Colombi Davide, Villani Gabriele D, Maffi Gabriele, Risoli Camilla, Bodini Flavio C, Petrini Marcello, Morelli Nicola, Anselmi Pietro, Milanese Gianluca, Silva Mario, Sverzellati Nicola, Michieletti Emanuele
Department of Radiological Functions, Radiology Unit, "Guglielmo da Saliceto" Hospital, Via Taverna 49, 29121, Piacenza, Italy.
Department of Medicine and Surgery (DiMeC), Unit "Scienze Radiologiche", University of Parma, Padiglione Barbieri, V. Gramsci 14, Parma, Italy.

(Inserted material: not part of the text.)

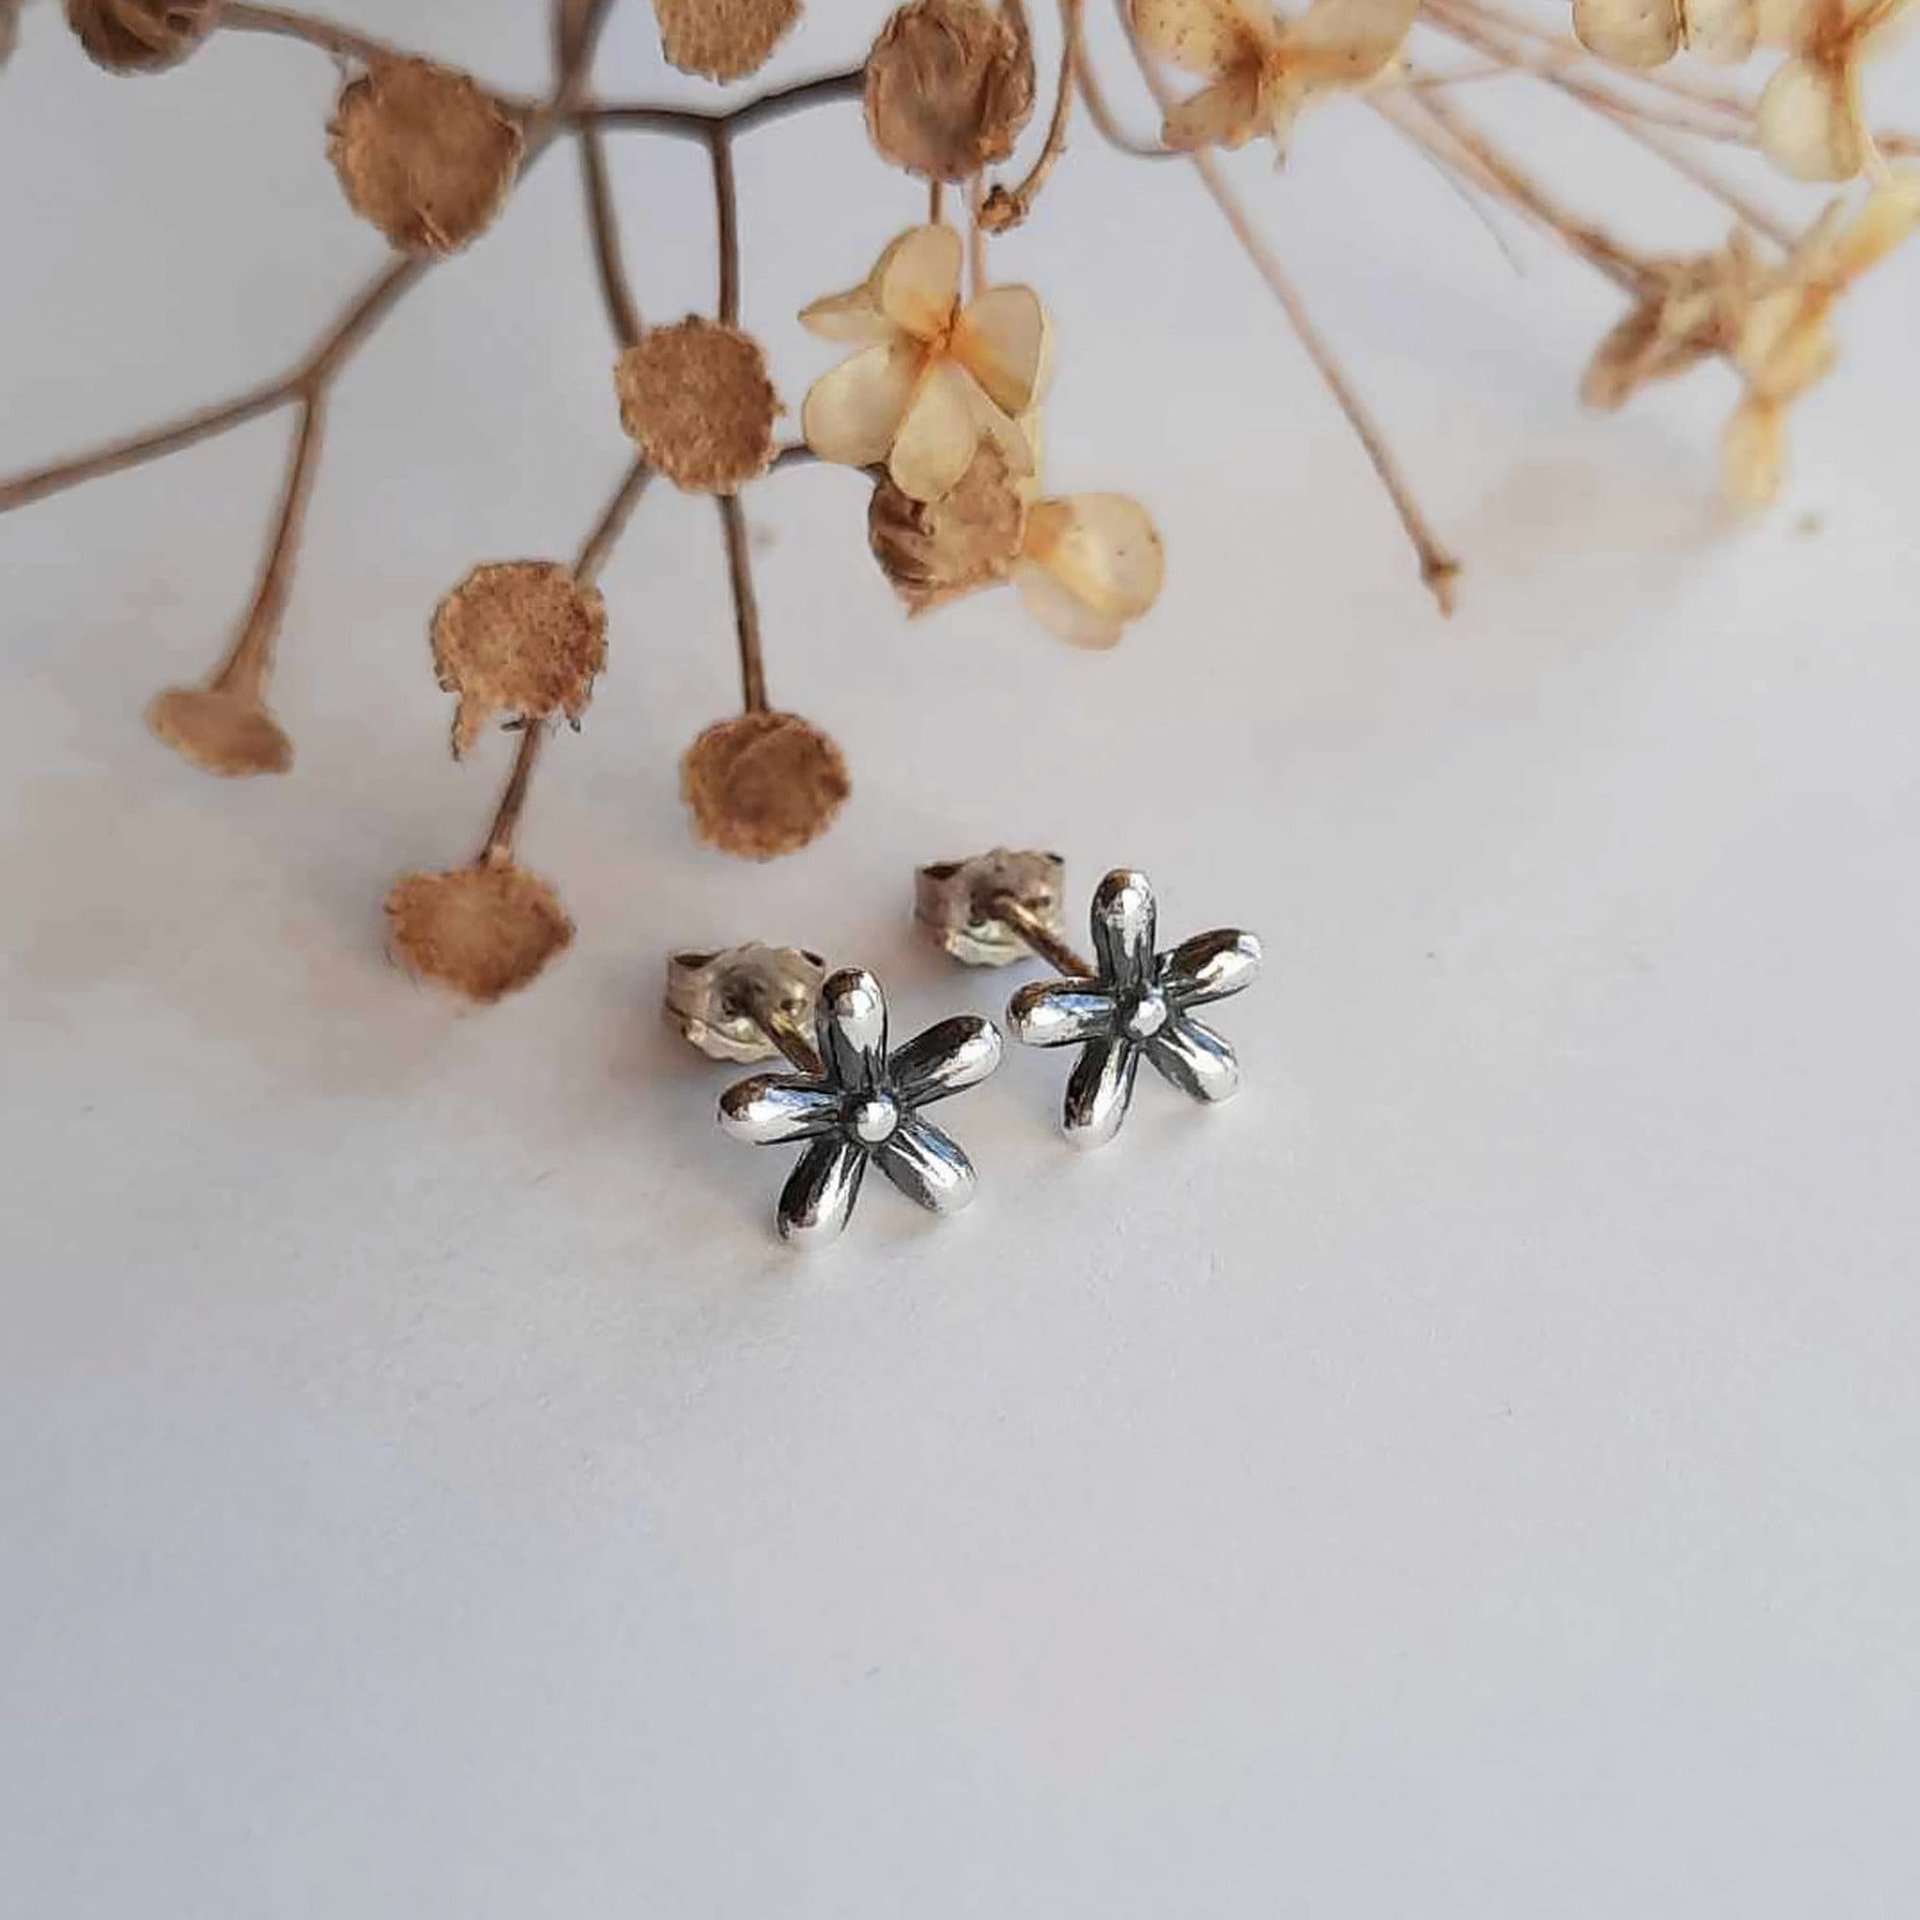 Oxidised Fine Silver Flower Stud Earrings ~ Artisan Made by The Tiny Tree Frog Jewellery

Emerg Radiol. 2020 Dec;27(6):701-710. doi: 10.1007/s10140-020-01867-1. Epub 2020 Oct 29.
To test the association between death and both qualitative and quantitative CT parameters obtained visually and by software in coronavirus disease (COVID-19) early outbreak.
The study analyzed retrospectively patients underwent chest CT at hospital admission for COVID-19 pneumonia suspicion, between February 21 and March 6, 2020. CT was performed in case of hypoxemia or moderate-to-severe dyspnea. CT scans were analyzed for quantitative and qualitative features obtained visually and by software. Cox proportional hazards regression analysis examined the association between variables and overall survival (OS). Three models were built for stratification of mortality risk: clinical, clinical/visual CT evaluation, and clinical/software-based CT assessment. AUC for each model was used to assess performance in predicting death.
The study included 248 patients (70% males, median age 68 years). Death occurred in 78/248 (32%) patients. Visual pneumonia extent > 40% (HR 2.15, 95% CI 1.2-3.85, P = 0.01), %high attenuation area - 700 HU > 35% (HR 2.17, 95% CI 1.2-3.94, P = 0.01), exudative consolidations (HR 2.85-2.93, 95% CI 1.61-5.05/1.66-5.16, P < 0.001), visual CAC score > 1 (HR 2.76-3.32, 95% CI 1.4-5.45/1.71-6.46, P < 0.01/P < 0.001), and CT classified as COVID-19 and other disease (HR 1.92-2.03, 95% CI 1.01-3.67/1.06-3.9, P = 0.04/P = 0.03) were significantly associated with shorter OS. Models including CT parameters (AUC 0.911-0.913, 95% CI 0.873-0.95/0.875-0.952) were better predictors of death as compared to clinical model (AUC 0.869, 95% CI 0.816-0.922; P = 0.04 for both models).
In COVID-19 patients, qualitative and quantitative chest CT parameters obtained visually or by software are predictors of mortality. Predictive models including CT metrics were better predictors of death in comparison to clinical model.
检测在冠状病毒病(COVID-19)早期爆发时,通过视觉观察和软件获得的胸部CT定性和定量参数与死亡之间的关联。
本研究回顾性分析了2020年2月21日至3月6日期间因疑似COVID-19肺炎而在入院时接受胸部CT检查的患者。在出现低氧血症或中重度呼吸困难的情况下进行CT检查。对CT扫描的视觉观察和软件获得的定量和定性特征进行分析。Cox比例风险回归分析检查变量与总生存期(OS)之间的关联。构建了三个用于死亡风险分层的模型:临床模型、临床/视觉CT评估模型和临床/基于软件的CT评估模型。每个模型的AUC用于评估预测死亡的性能。
该研究纳入了248例患者(70%为男性,中位年龄68岁)。78/248(32%)例患者死亡。视觉上肺炎范围>40%(HR 2.15,95%CI 1.2 - 3.85,P = 0.01)、%高衰减区域 - 700 HU>35%(HR 2.17,95%CI 1.2 - 3.94,P = 0.01)、渗出性实变(HR 2.85 - 2.93,95%CI 1.61 - 5.05/1.66 - 5.16,P < 0.001)、视觉冠状动脉钙化(CAC)评分>1(HR 2.76 - 3.32,95%CI 1.4 - 5.45/1.71 - 6.46,P < 0.01/P < 0.001)以及CT分类为COVID-19和其他疾病(HR 1.92 - 2.03,95%CI 1.01 - 3.67/1.06 - 3.9,P = 0.04/P = 0.03)与较短的OS显著相关。与临床模型(AUC 0.869,95%CI 0.816 - 0.922;两个模型P均 = 0.04)相比,包含CT参数的模型(AUC 0.911 - 0.913,95%CI 0.873 - 0.95/0.875 - 0.952)是更好的死亡预测指标。
在COVID-19患者中,通过视觉观察或软件获得的胸部CT定性和定量参数是死亡的预测指标。与临床模型相比,包含CT指标的预测模型是更好的死亡预测指标。